Different species don't have the same body language. What means "Hey, let's go play" to a puppy means "I'm scared, and you need to back off" to a cat. Additionally, even though dogs may understand other dogs' body language, that doesn't mean they'll automatically get along.
Generally, it's best to do the introductions one at a time, meaning that if you have several animals, they should meet your new dog separately. You don't want the new dog to feel ganged up on (nor do you want the existing animals to do just that). You also don't need the unpredictability of multiple animals to keep an eye on.
It's also helpful if you have a second person present, so if there aren't already two of you, ask a friend or neighbor for assistance. When it comes to introductions, the primary concern is aggression. According to certified animal behaviorist Robin Foster, Ph.D., "Conflict and fighting between dogs [and] cats in the same household is stressful for everyone, disruptive and can lead to serious injuries to the pets and people."
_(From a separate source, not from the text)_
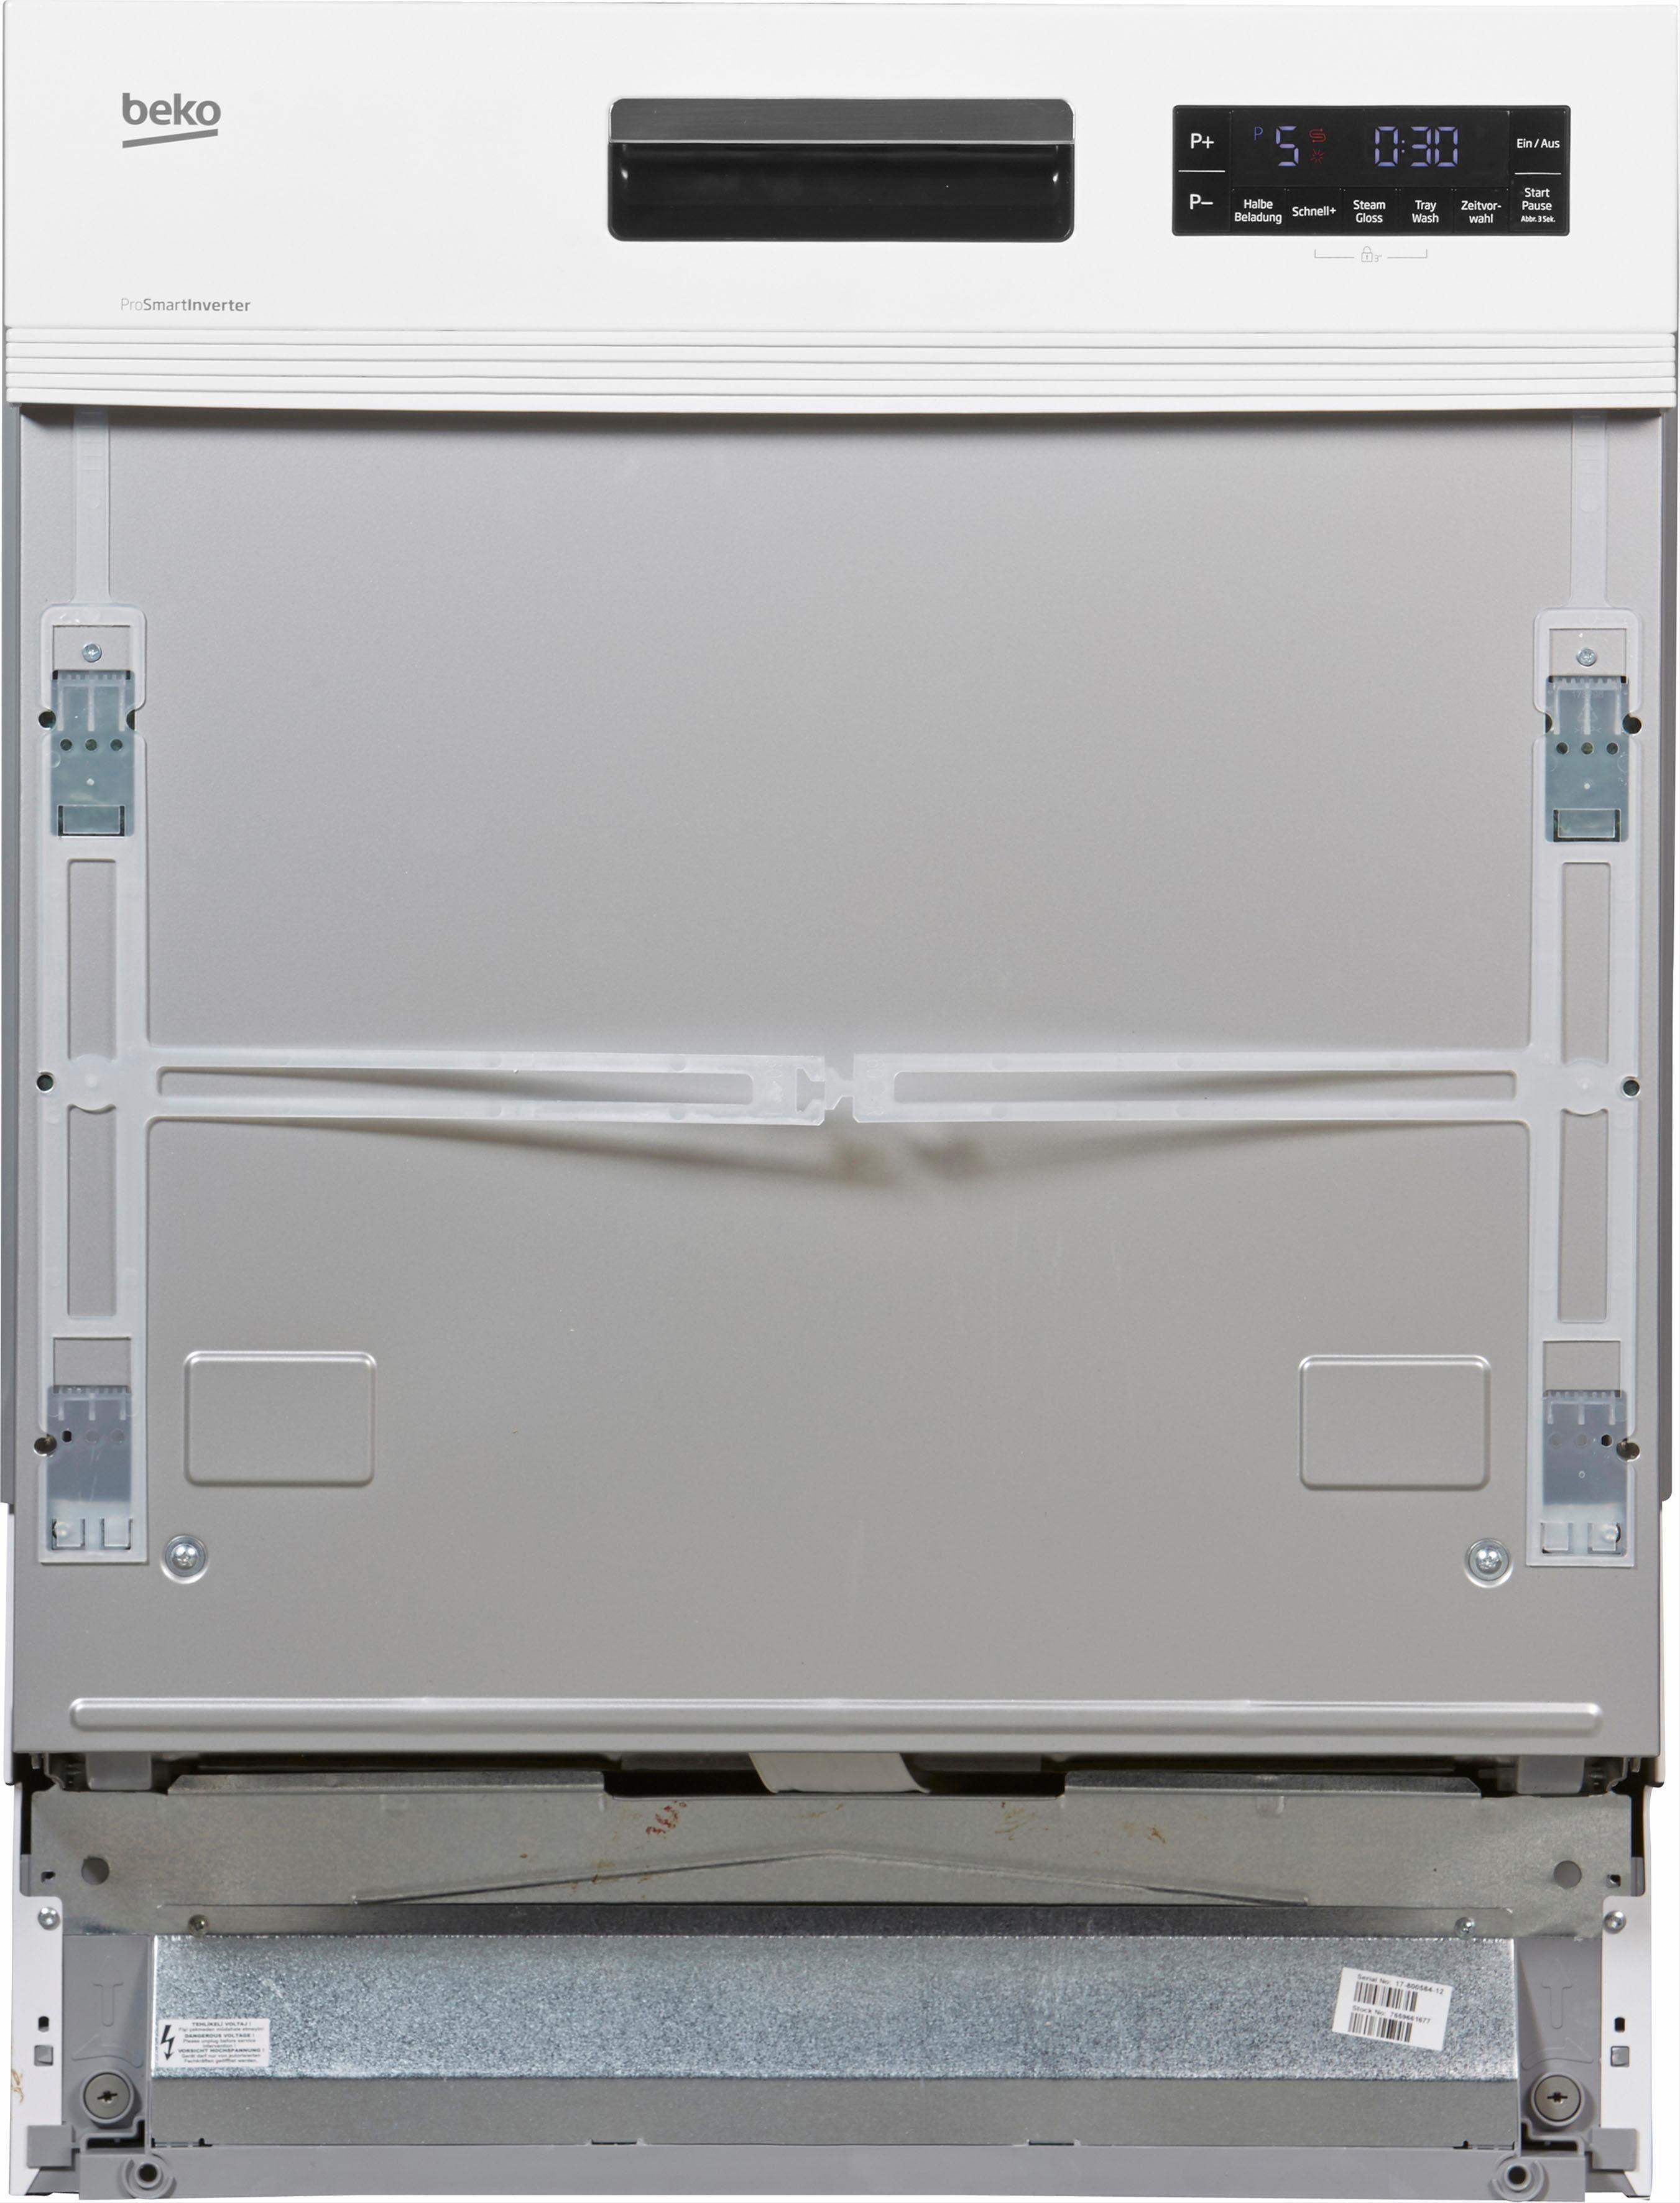 BEKO teilintegrierbarer Geschirrspüler, DSN6634W2, 9,5 l, 14 Maßgedecke

According to Your Dog's Friend, with dogs, you should start with both dogs on-leash outdoors. Let them walk parallel to each other at a distance. If that goes well, let them move closer, but only let them walk directly side-by-side when you can be relatively certain they'll behave. If they growl or act aggressively, calmly separate them, but don't create more tension by screaming or yanking on the leashes. Then start over.
It's OK to use treats as a reward for good behavior because it helps establish positive associations with the other animal, but don't feed them too close together at first as food aggression issues could emerge.
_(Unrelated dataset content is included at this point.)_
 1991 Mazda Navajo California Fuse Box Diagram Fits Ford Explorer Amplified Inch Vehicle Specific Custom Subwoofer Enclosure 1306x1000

As you might imagine, this is a slightly hairier introduction (no pun intended). A large dog can kill a cat, even during what a dog might consider play. But it's not just the cat you have to worry about. Your cat's claws (and even teeth) can cause serious injury to your dog.
The ASPCA advises keeping the dog on-leash during this introduction. It also recommends having the nails of non-declawed cats trimmed prior to the first meeting (the first several meetings if necessary). Your cat should have a safe way to retreat if the dog gets too friendly.
A positive approach is crucial. Don't scold or yell at either animal, and don't force the meeting on your cat. It will generally act cautiously or just avoid the situation. But the cat may also act aggressively. Cats are more territorial than dogs are, and if this is their first time meeting, the cat may not be eager to share. Let them do it at their own pace.
If the dog becomes too curious or behaves aggressively, use the leash to gently pull it away and distract it with a toy or treat. If the cat seems defensive, you can distract it with a toy or favorite treat, too. Most of all, keep your calm. You don't want them to associate negative things (tension, anger, etc.) with the other pet.
It may take several "introductions" for them to get used to each other, so be prepared to keep your new dog confined in a different part of the house when you're not home to supervise.
Robin Foster also gave us these cautions about introducing pets.
No one should have to live in a broken home and that includes people whose homes are troubled by animals that don't get along. But that doesn't always mean choosing between your fur babies. If you're having issues, contact a certified pet behaviorist for assistance.